* [DATASET EXTRACT]
§ §

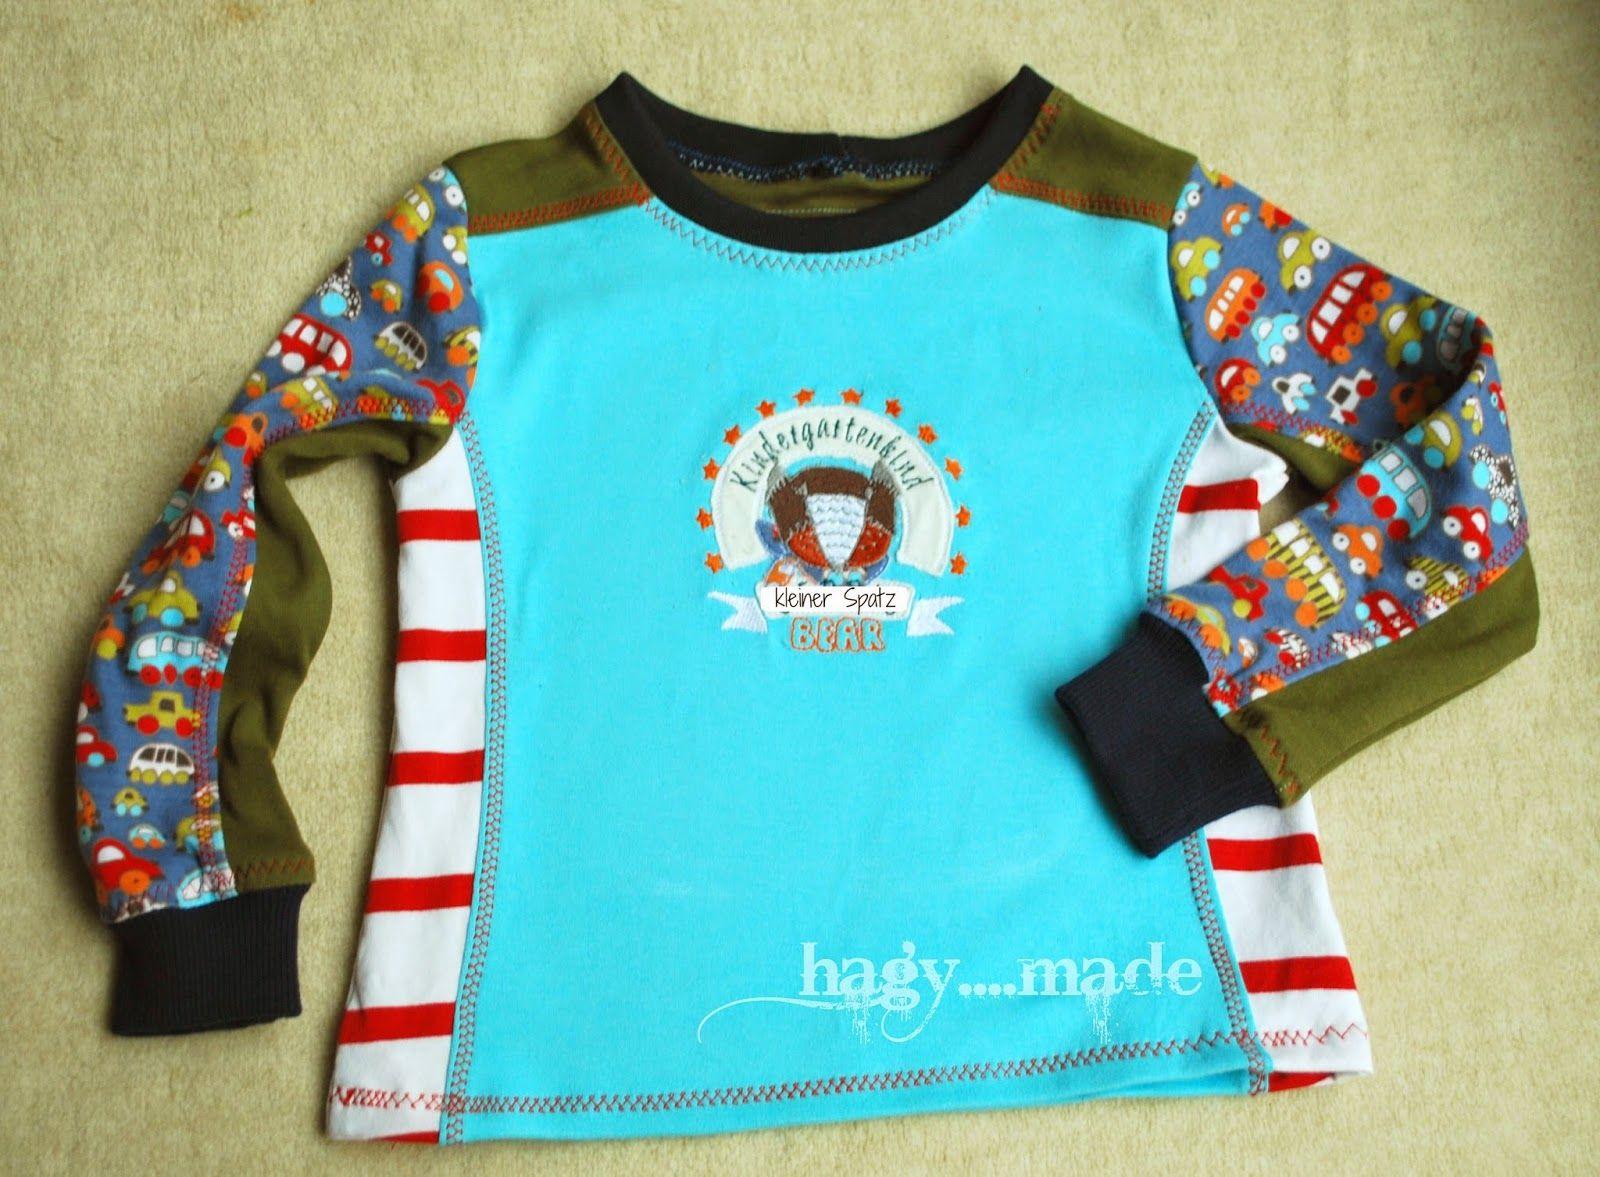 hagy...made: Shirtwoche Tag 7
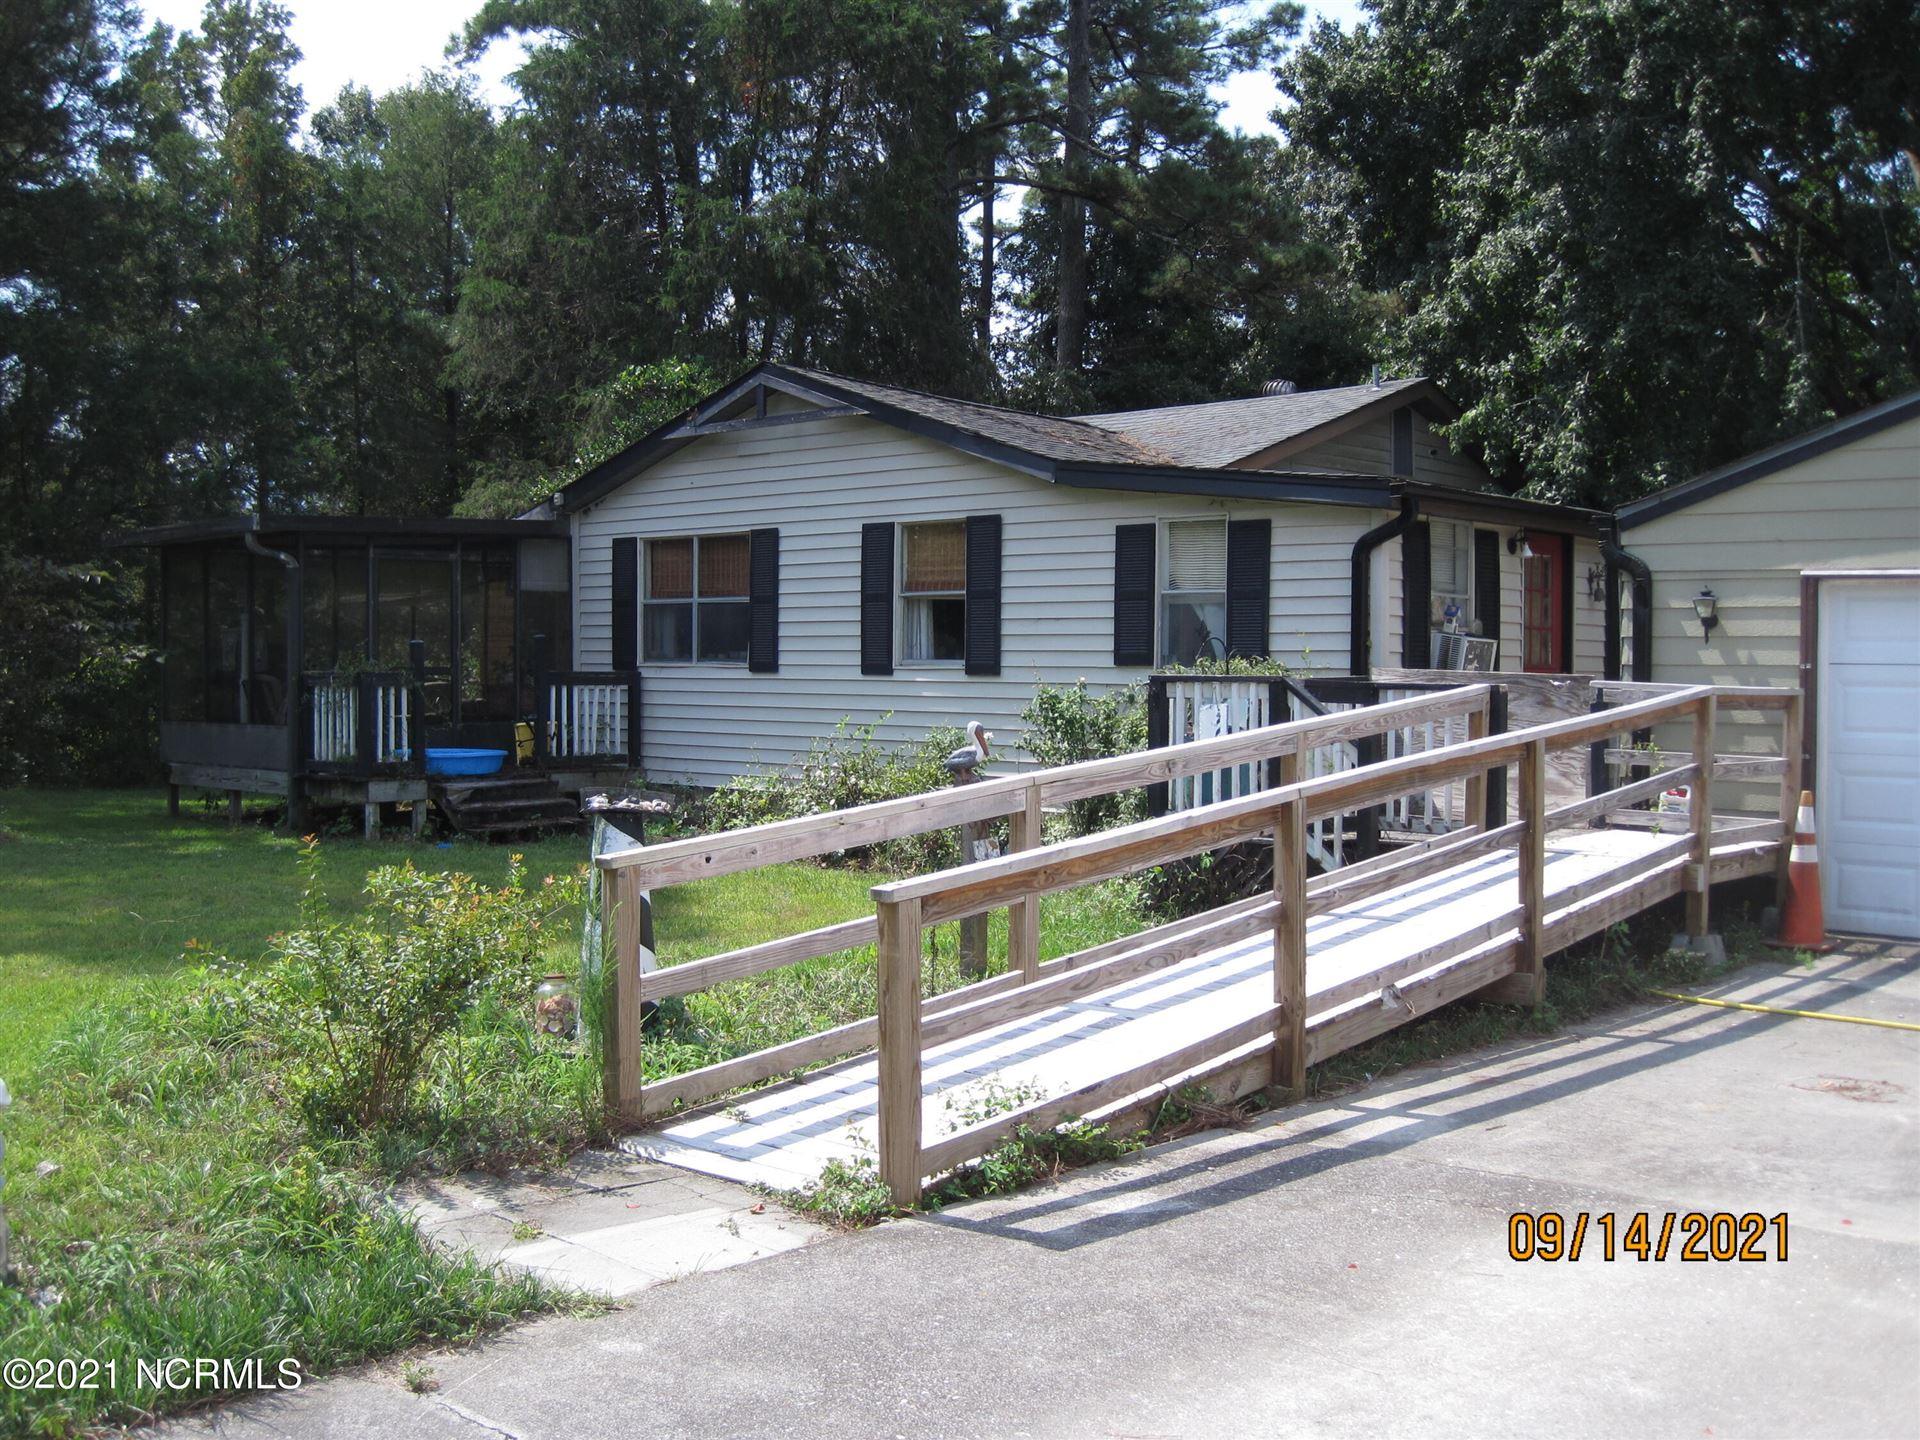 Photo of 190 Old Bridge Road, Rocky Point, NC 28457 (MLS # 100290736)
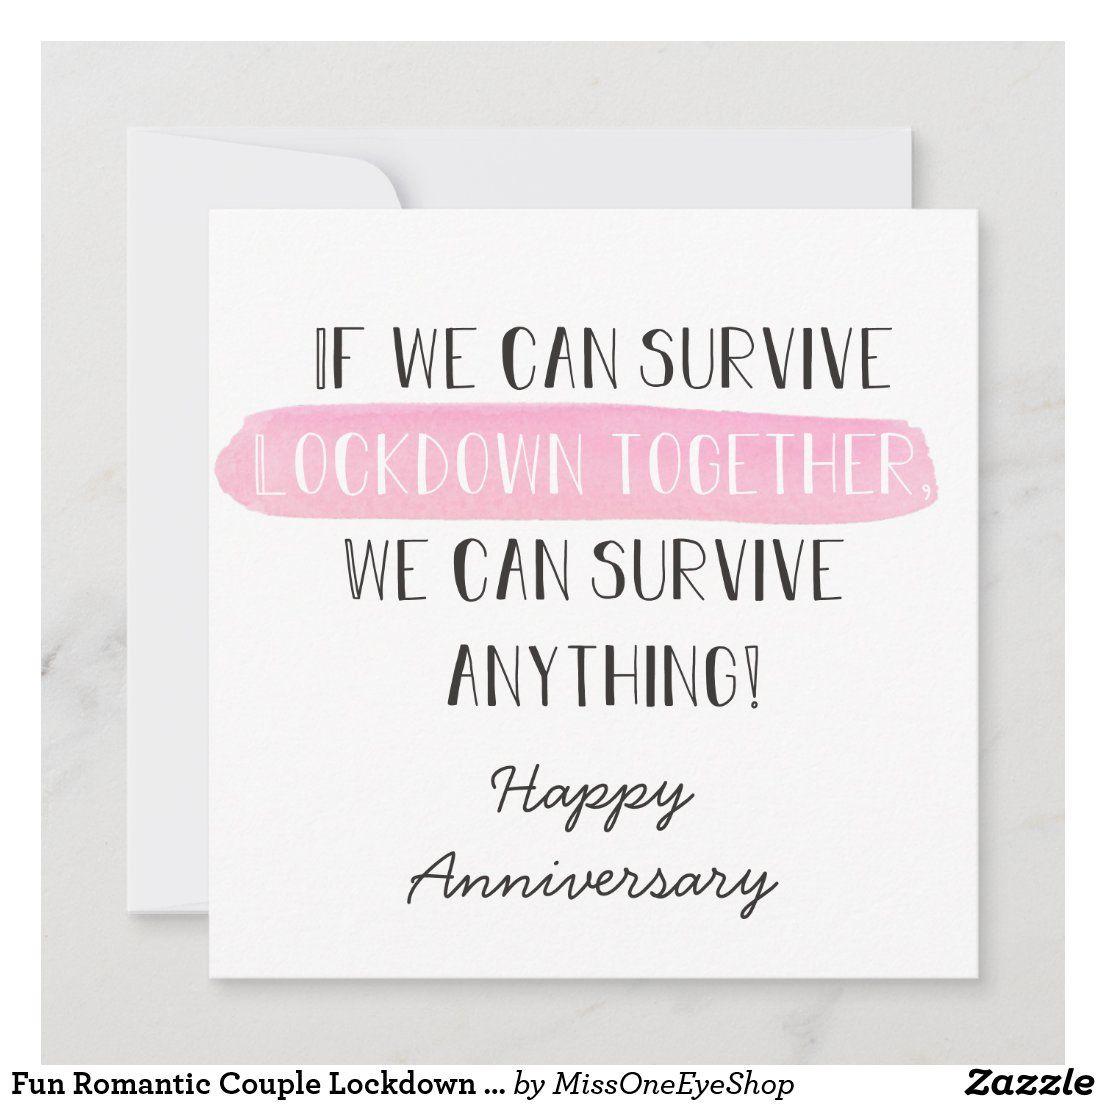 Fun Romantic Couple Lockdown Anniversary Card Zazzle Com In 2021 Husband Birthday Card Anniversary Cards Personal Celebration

§ §

Reproduce every line of the data above, exactly as it stands, but not the pictures.

 hagy...made: Shirtwoche Tag 7
 Photo of 190 Old Bridge Road, Rocky Point, NC 28457 (MLS # 100290736)
 Fun Romantic Couple Lockdown Anniversary Card Zazzle Com In 2021 Husband Birthday Card Anniversary Cards Personal Celebration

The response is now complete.